La nula educación diplomática de AMLO y el bajo perfil de los integrantes de su equipo cercano que de manera informal le “diseñaban” su política exterior, uno de ellos el Fisgón, provocaron una seria erosión en la relación con España.
AMLO pensaba que toda la región latinoamericana sería gobernada por afines a su perfil populista. Al paso de los años México se fue quedando aislado.

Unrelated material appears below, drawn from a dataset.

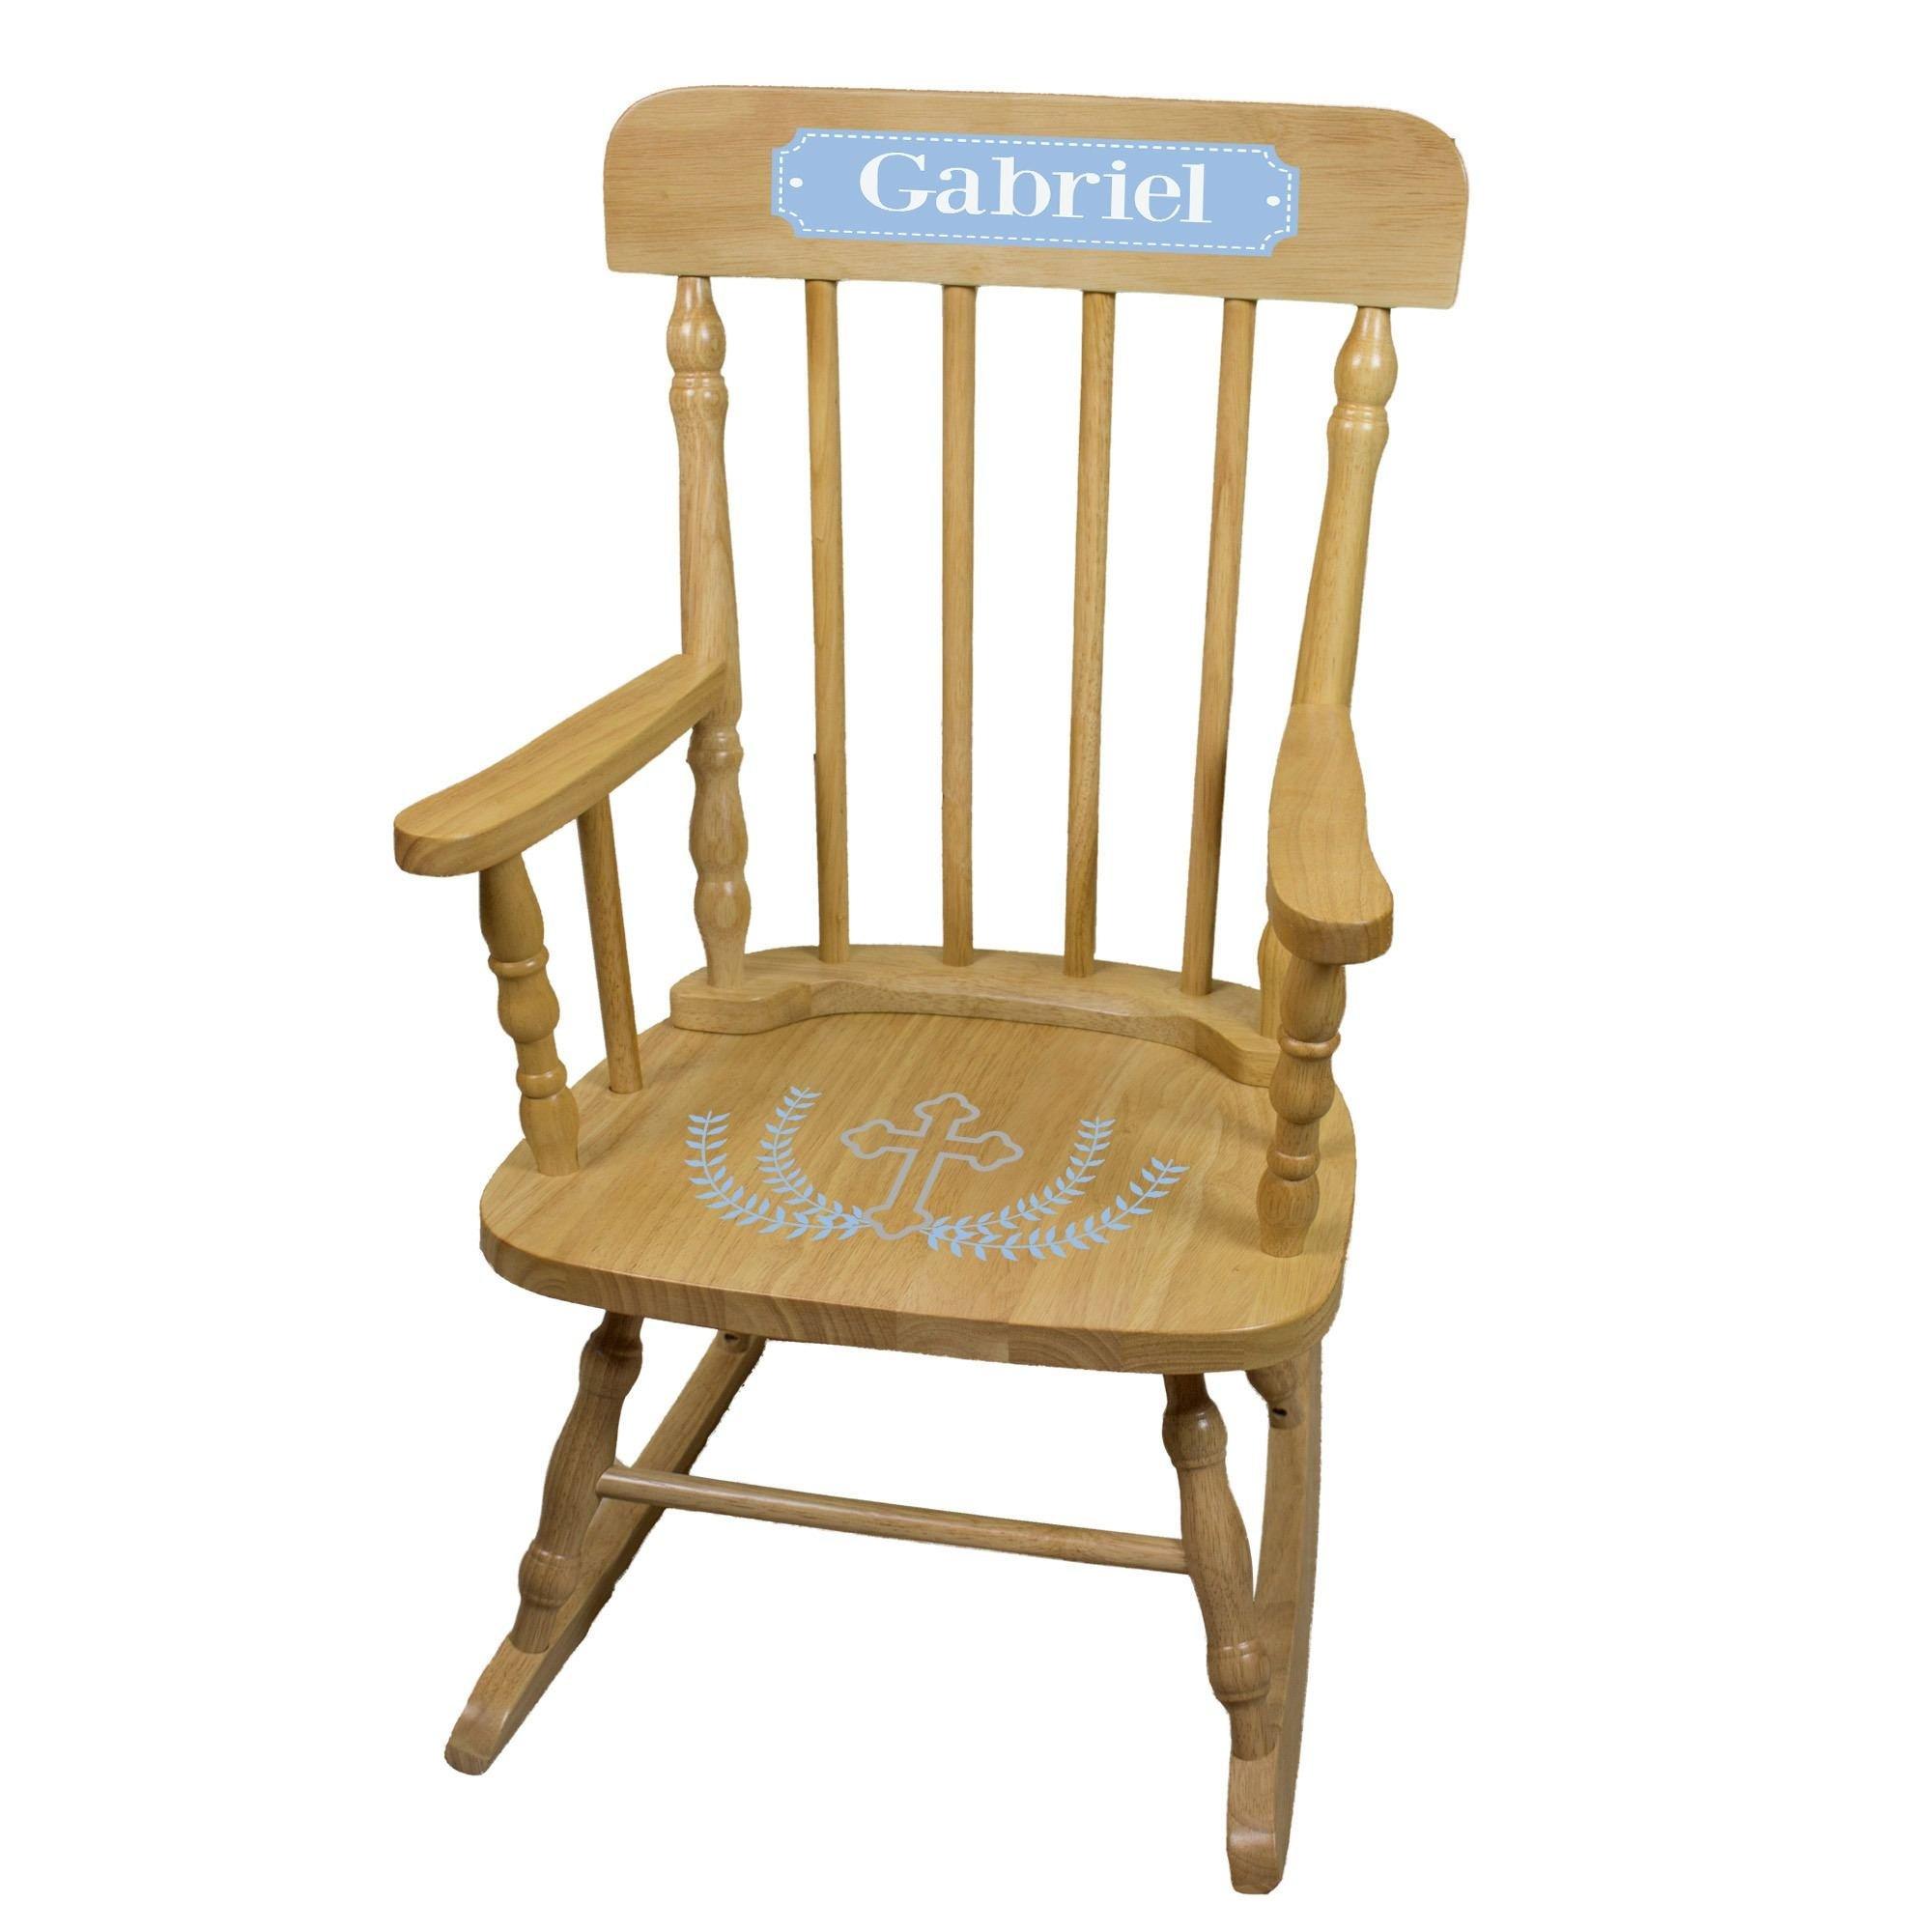 MyBambino Personalized Cross Garland Light blue Natural Wooden Childrens Rocking Chair

La presidenta Sheinbaum no invitó al rey Felipe a su toma de posesión. Sí lo hizo con el presidente Pedro Sánchez, pero no viajó a México porque el Jefe de Estado es Felipe VI.
Durante casi dos años la presidenta mexicana ha reiterado el tema de la conquista y de los pueblos originarios. En el inter, Perú rompió relaciones con su Gobierno por injerencista; en Chile, Colombia, Honduras y Perú ganaron Kast, De la Espriella, Asfura y Fujimori.
Todos ellos de derecha, y con excepción de Fujimori, muy cercanos a Donald Trump. La presidenta ha de haber sentido más soledad en la región.
En menos de dos años el panorama en la región ha cambiado, y mucho. Por ejemplo, la OEA está en sala de terapia intensiva por el desinterés que tiene Estados Unidos. Ahora, la marca Trump está en el Escudo de las Américas. Es una especie de Grupo de Lima, pero dirigido por Trump.
España-México, grandes goles. Lo que no quiso hacer AMLO lo hace el entorno mundialista. Por fin, Sheinbaum rectifica.